I have been blessed to have the companionship of Fathers Ethan Moore and Chris Komoroski at the rectory this year; however, sometime this week, they will take up residence at Sacred Heart Church in Camp Washington. The Archbishop wanted them to live closer to the campus of the University of Cincinnati. Furthermore, in addition to St. Monica-St. George and Holy Name Church, they have also been asked to shepherd Annunciation Church in Clifton. Please pray for them as they continue their important ministry to young people.
This summer two seminarians will live with me: Deacon Jacob Lindle, who is from a large Westside Cincinnati family, and Benj Klare, one of our own parishioners. Another seminarian from our parish, Joey Graff, will likely work with our maintenance crew on our parish grounds. Let’s support these young men in their vocations with our prayers.
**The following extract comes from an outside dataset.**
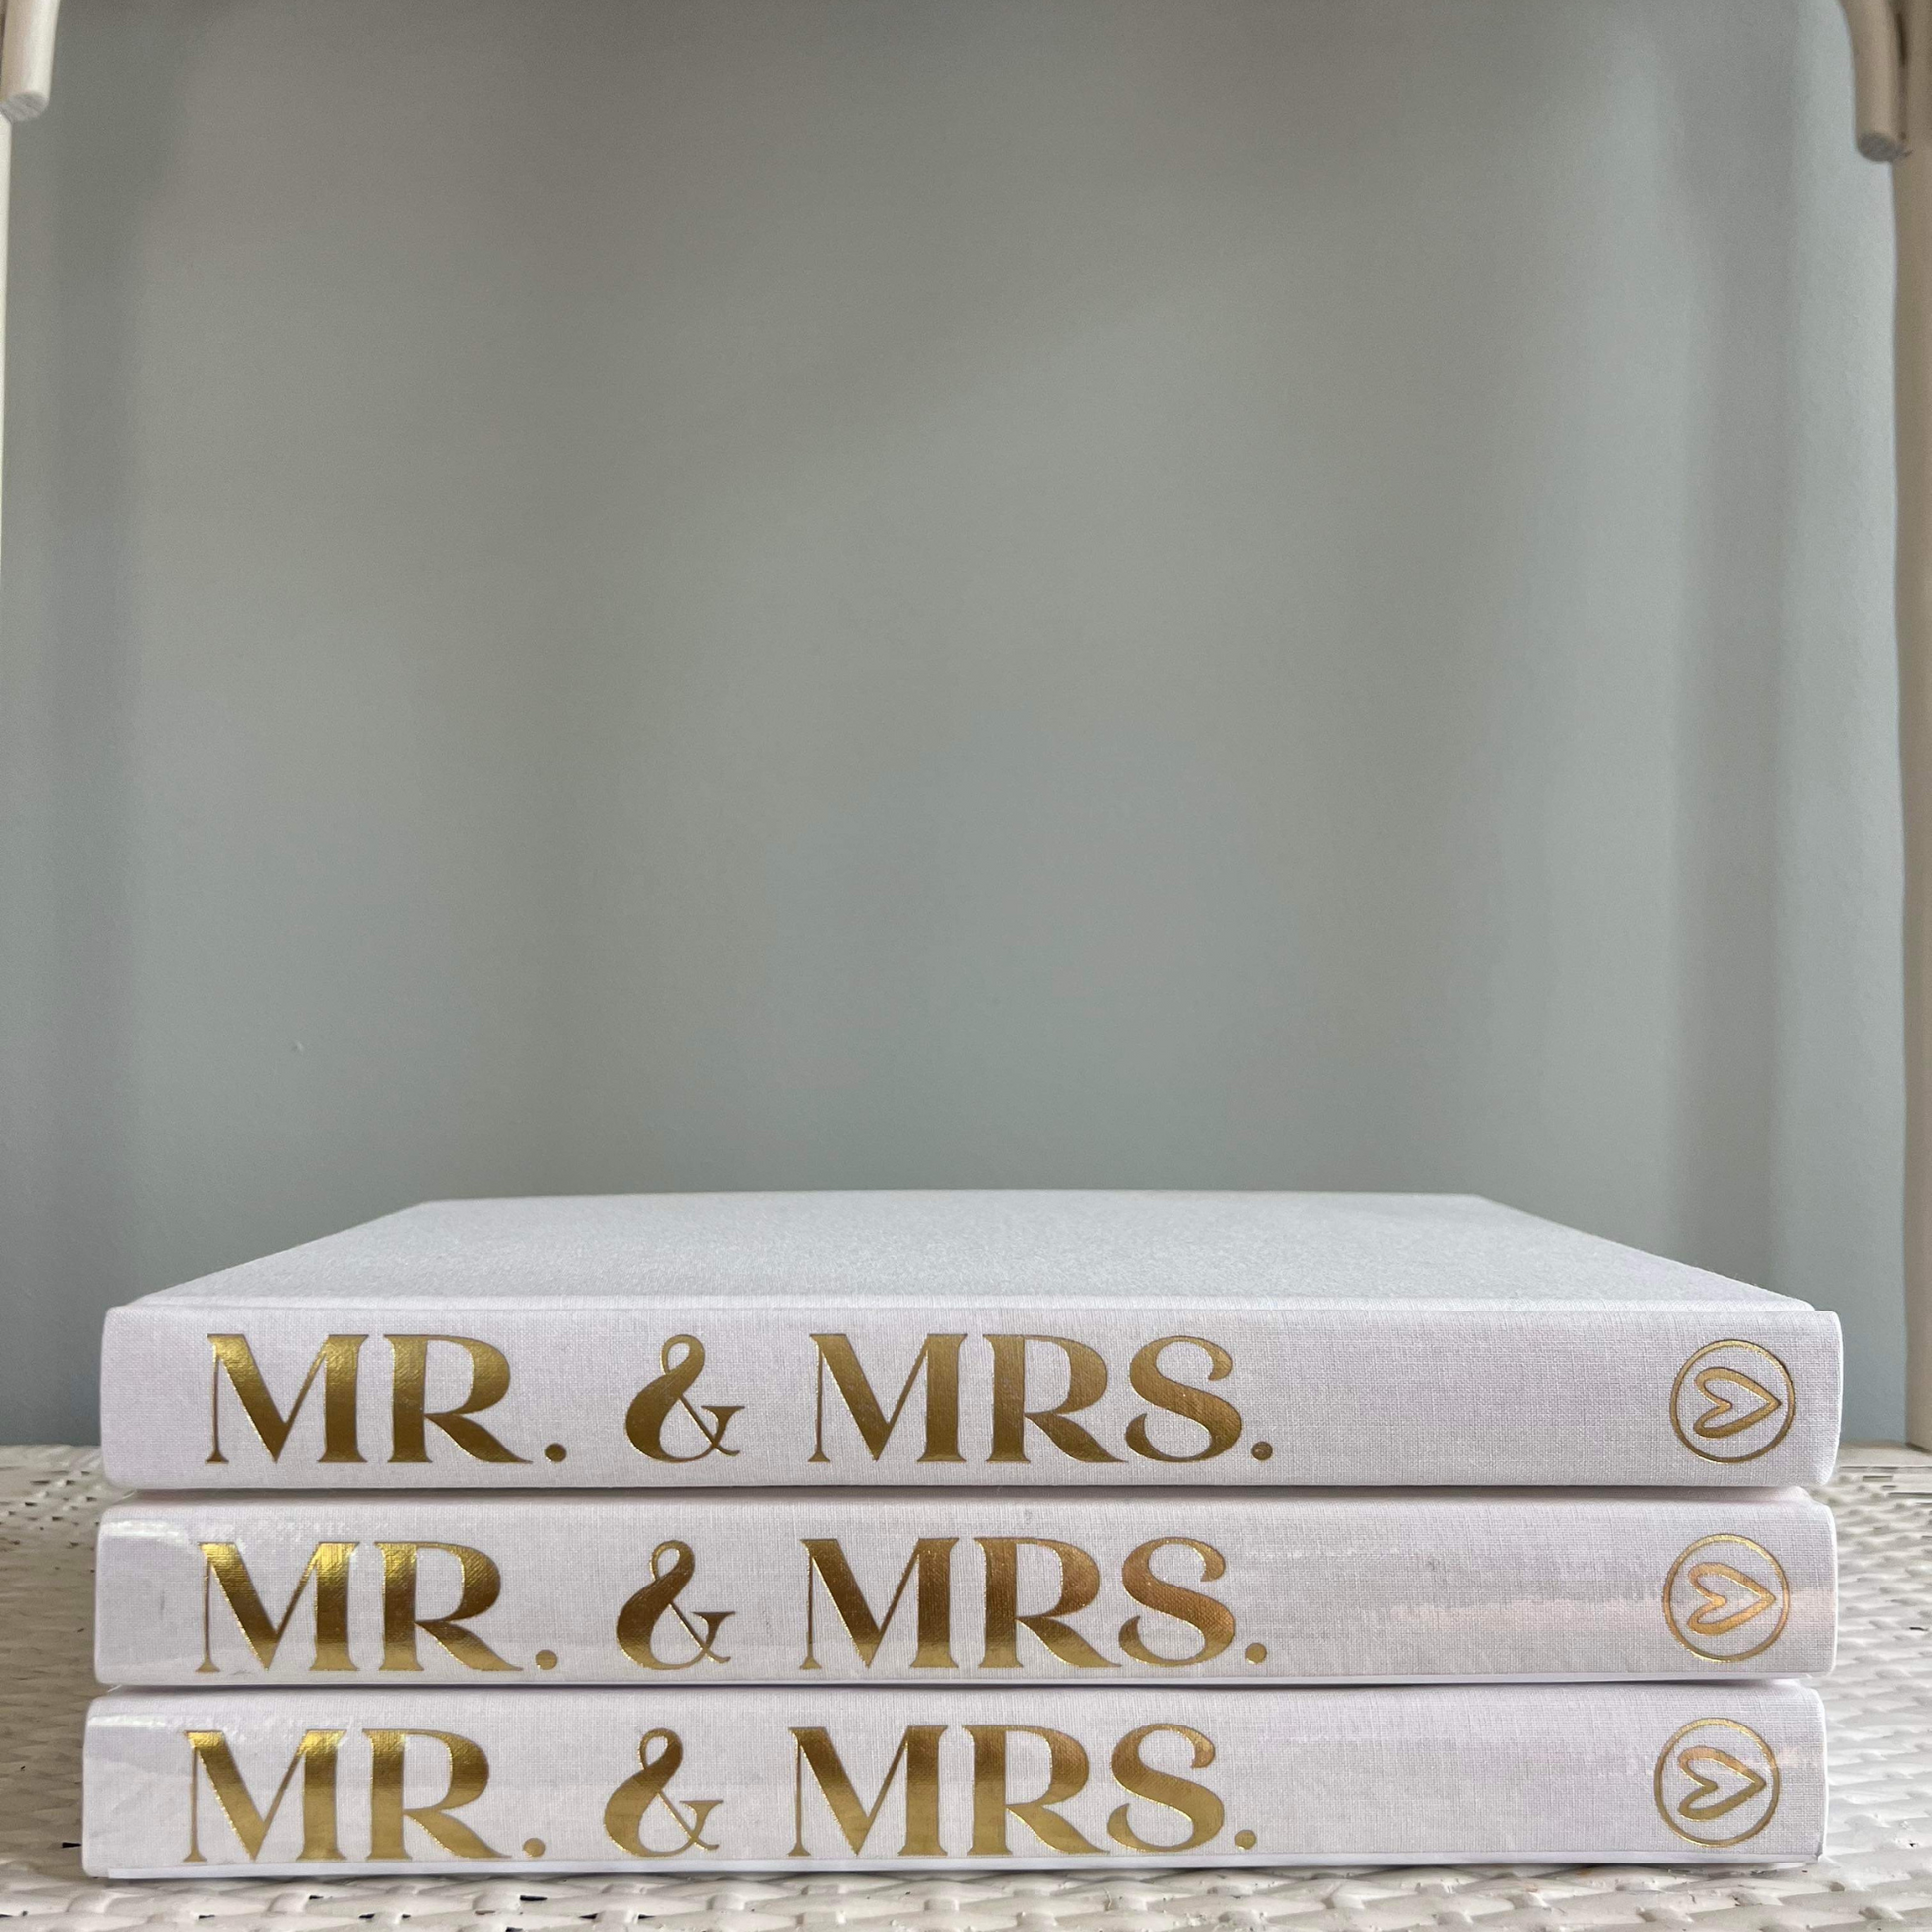 Mr. & Mrs. Coffee Table Book – Nona Ruth's

There will also be some changes at Mass. As more people return to Mass, there is a need for greater capacity inside church. The parish has been unable to recruit enough volunteers to consistently staff overflow seating in Loyola Hall. After some discussion, recognizing that a greater number of people have been vaccinated, as well as people’s increasing confidence to venture out, and wanting to balance these factors with people’s continuing concern over the pandemic, the parish Worship Commission thought a possible solution would be to do the following, beginning the weekend of May 15-16:
The sections of church nearest the school and nearest I-74 will be “every row seating” and will be available to those who feel comfortable sitting every row. Masks and some social distancing are still required. Those who sit in those sections will form a procession at the time of Communion, exiting their pews to the left and moving to the right to receive Communion and to return to their pews. For those who do not feel comfortable in that seating arrangement, the large center sections of church will remain “every-other-row seating” and Communion will be distributed in the pews. More information will appear elsewhere in this bulletin and through the parish website, Flocknote, and social media outlets. Live-streaming of all Masses will continue.
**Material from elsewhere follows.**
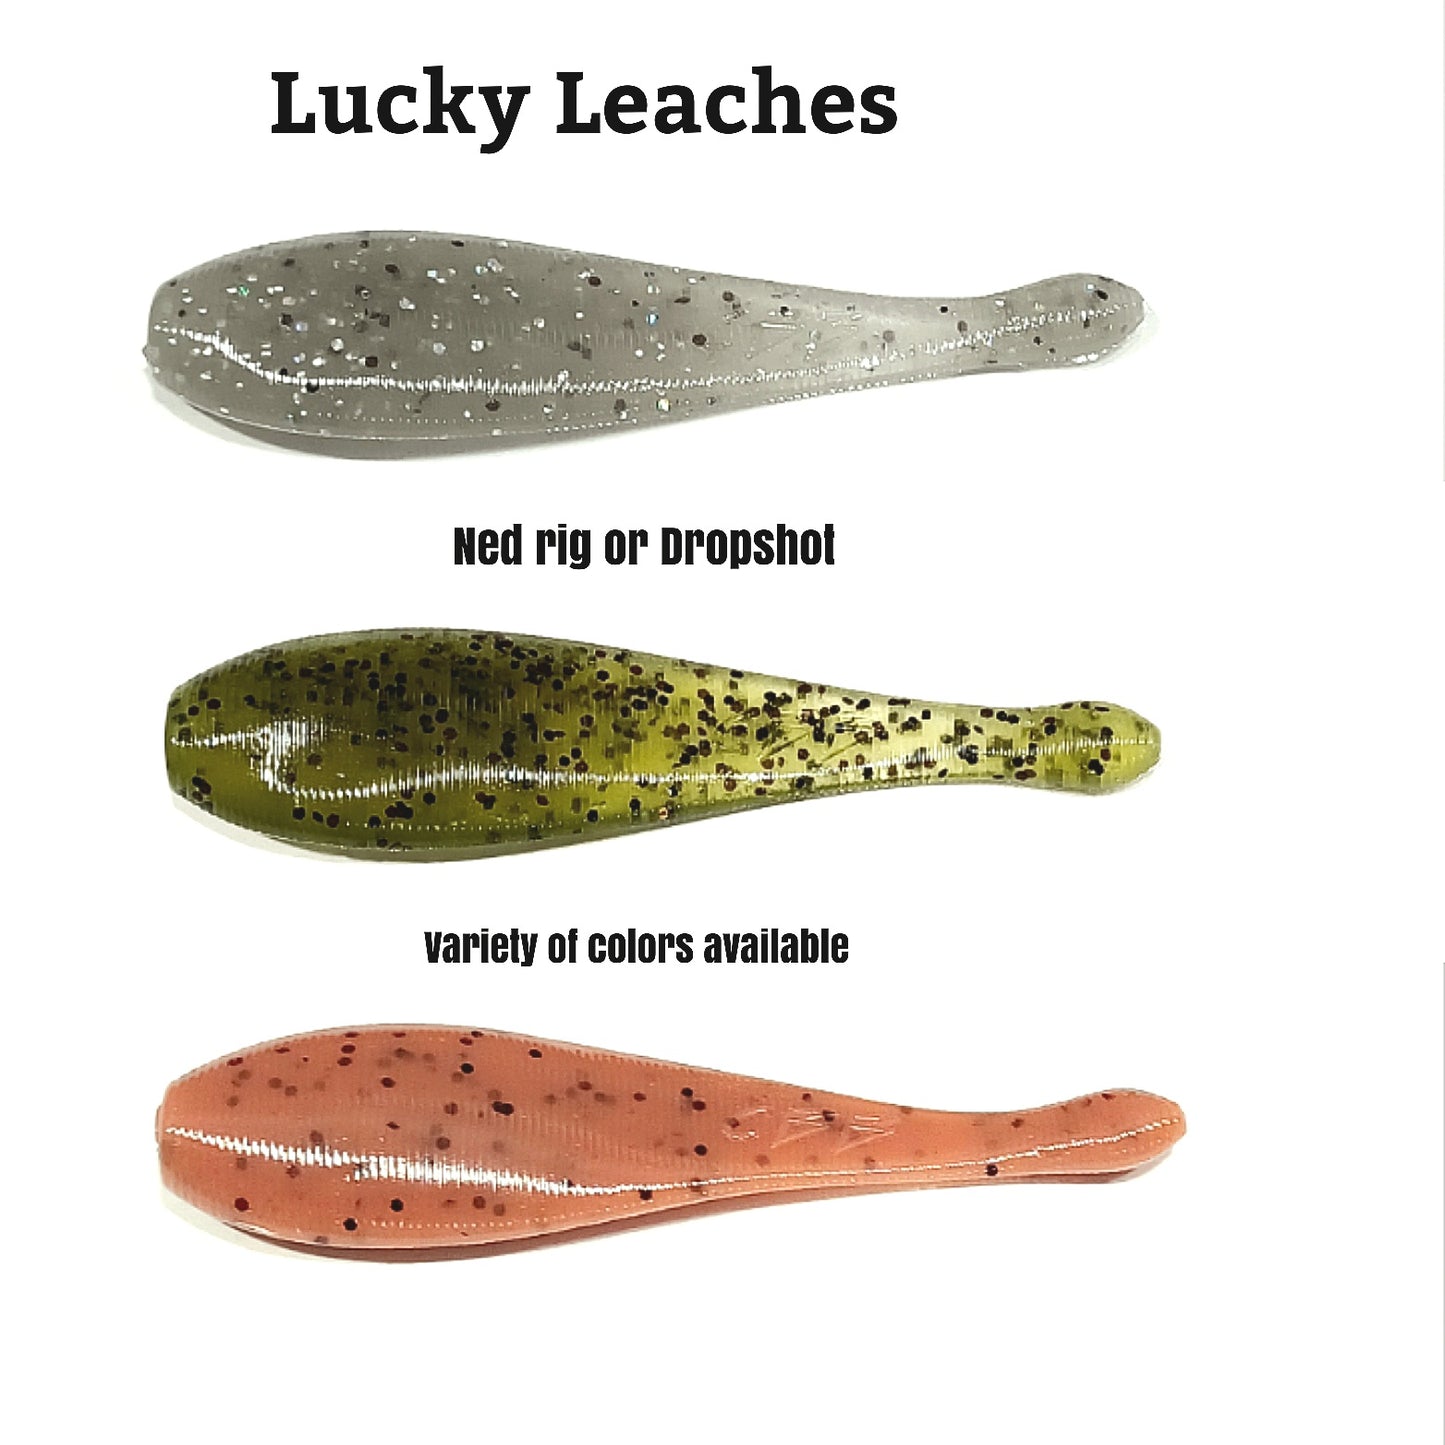 LUCKY LEACH (drop shot or Ned rig them) variety of colors

I am happy also to announce that parish music groups/choirs will resume at the end of May. Things will not be “full force” or may not be back to “normal”, but at least we will have a more “robust” group of voices making beautiful music for the Lord. Thank you for your understanding and patience.
Finally, on this Sixth Sunday of Easter, let us heed the words of our Second Reading: “Beloved, let us love one another, because love is of God; everyone who loves is begotten by God and knows God.”